Lecture 13

File Organization and Indexing

Unit III: Storage & Indexing

Database Systems - MTech First Semester

Cloud & Software Operations Cluster | SOCS | UPES

Dr. Mohsin Dar
Assistant Professor

Learning Objectives

What We'll Learn Today

Understand different file organization techniques
Learn the concept and importance of indexing
Explore various types of indexes
Analyze index performance through practical calculations
Compare different file organization methods

File Organization

What is File Organization?

File Organization refers to the way records are arranged and stored in a file on secondary storage devices.

The organization of data files impacts:

Access Time: How quickly we can retrieve records
Storage Efficiency: How much space is utilized
Update Performance: Speed of insertions, deletions, and modifications
Query Performance: How efficiently we can search for data

File Organization Types

Types of File Organization

1. Heap File (Unordered)

Records are stored in the order they are inserted - no particular ordering.
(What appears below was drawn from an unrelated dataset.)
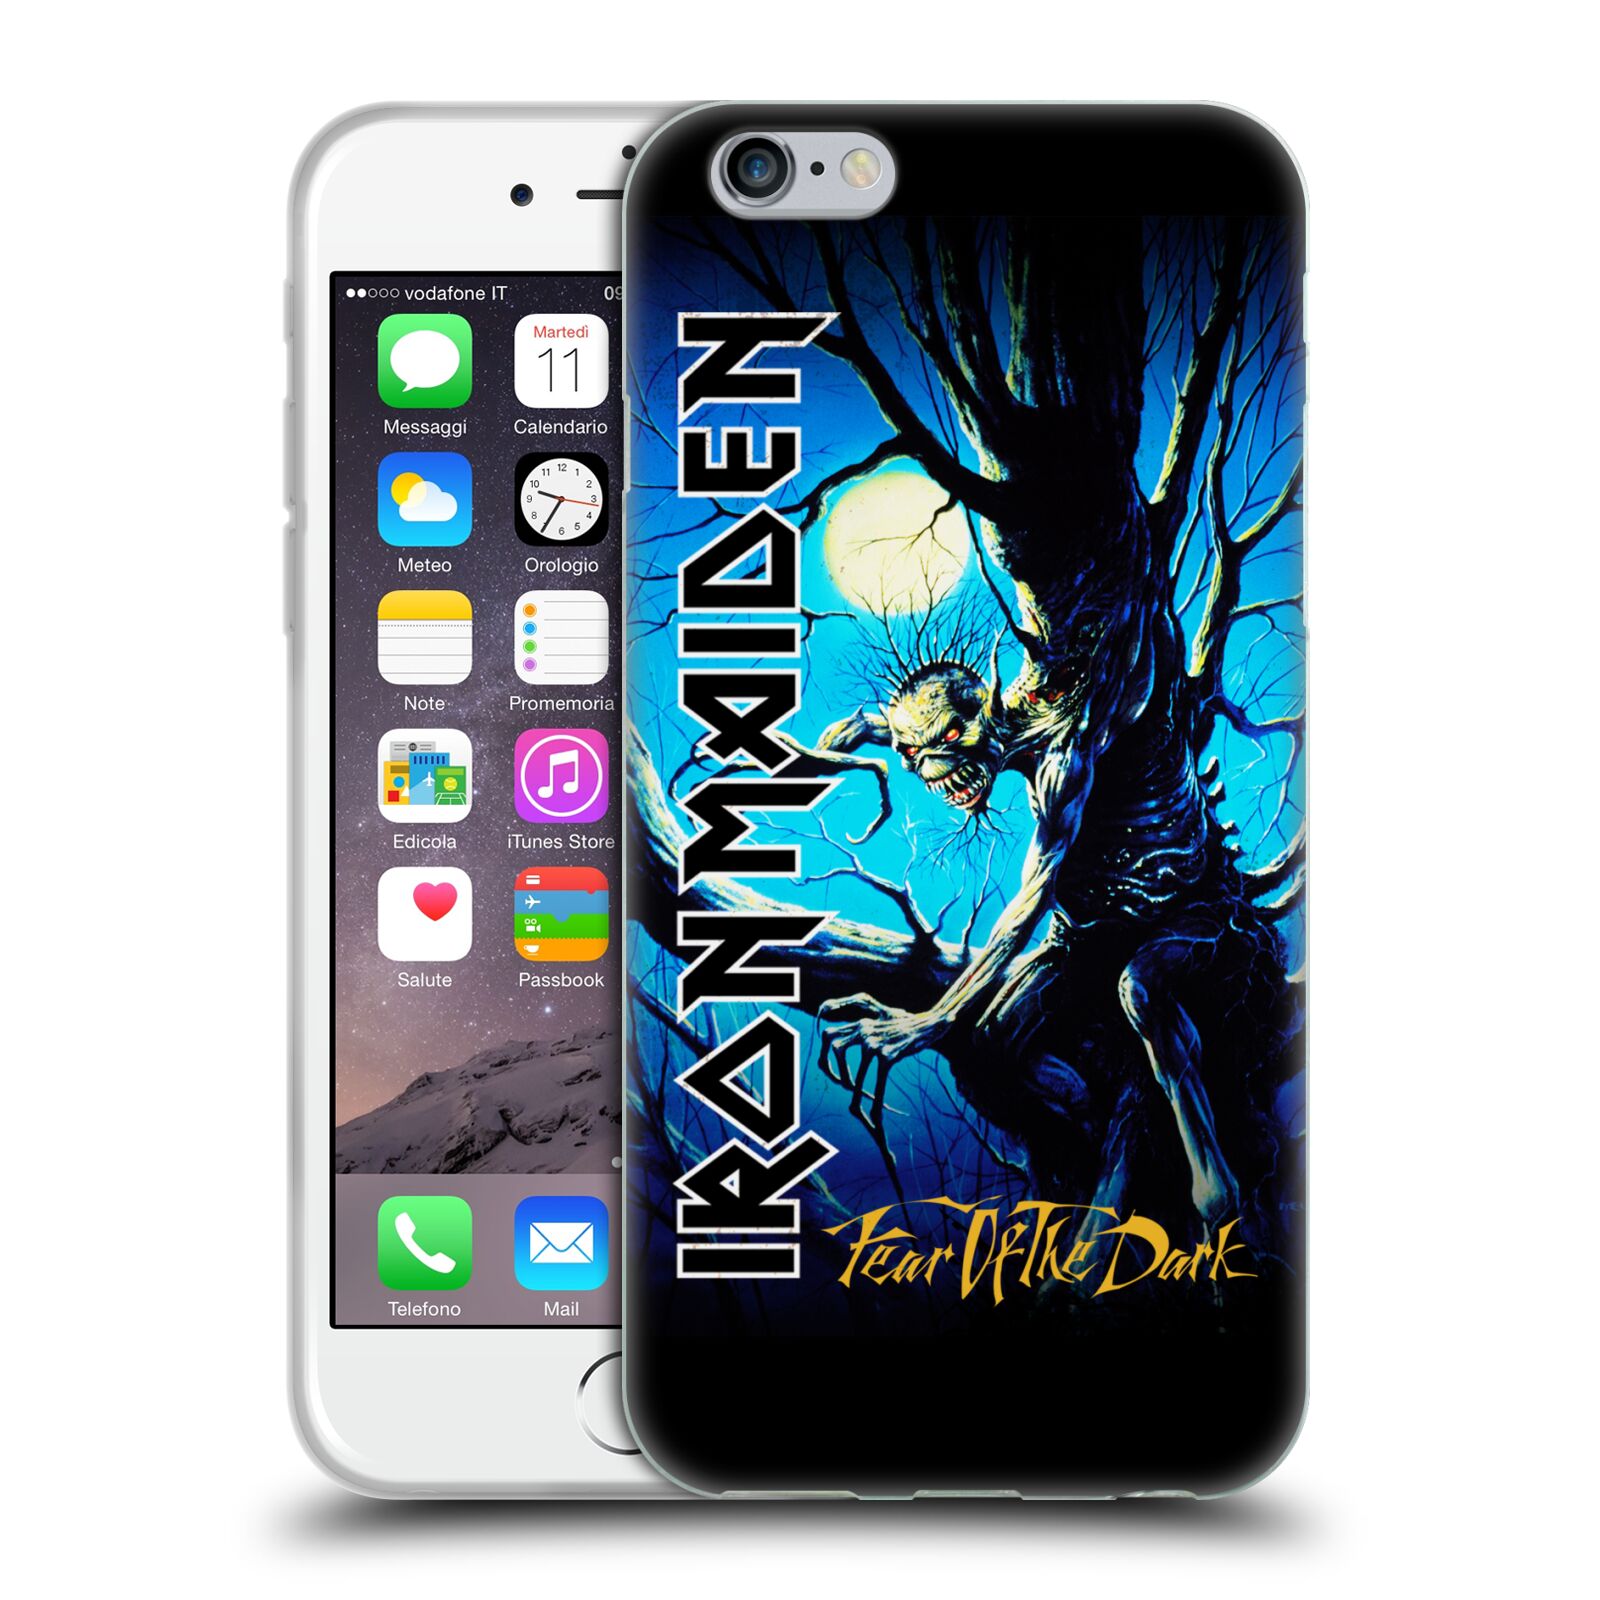 Silikonové pouzdro na mobil Apple iPhone 6 HEAD CASE - Iron Maiden - Fear Of The Dark (Silikonový kryt či obal na mobilní telefon s licencovaným motivem Iron Maiden Apple iPhone 6)

Unordered File Organization Details

Records are typically added at the end of the file, without following any specific order.
This insertion method allows only linear search, resulting in slower search times.
Despite slow searches, maintenance including insertion and deletion is simpler.
No reorganization of the entire file is needed, making maintenance easier.
If file is unordered, number of block accesses required to reach correct block which contains the desired record is O(n), where n is the number of blocks.

Unordered File Organization Example

✓ Advantages: Fast insertion (O(1)), simple structure, no reorganization needed

✗ Disadvantages: Slow search (O(n) - linear scan), inefficient for queries

2. Sequential File (Ordered)

Records are stored in order based on a key field.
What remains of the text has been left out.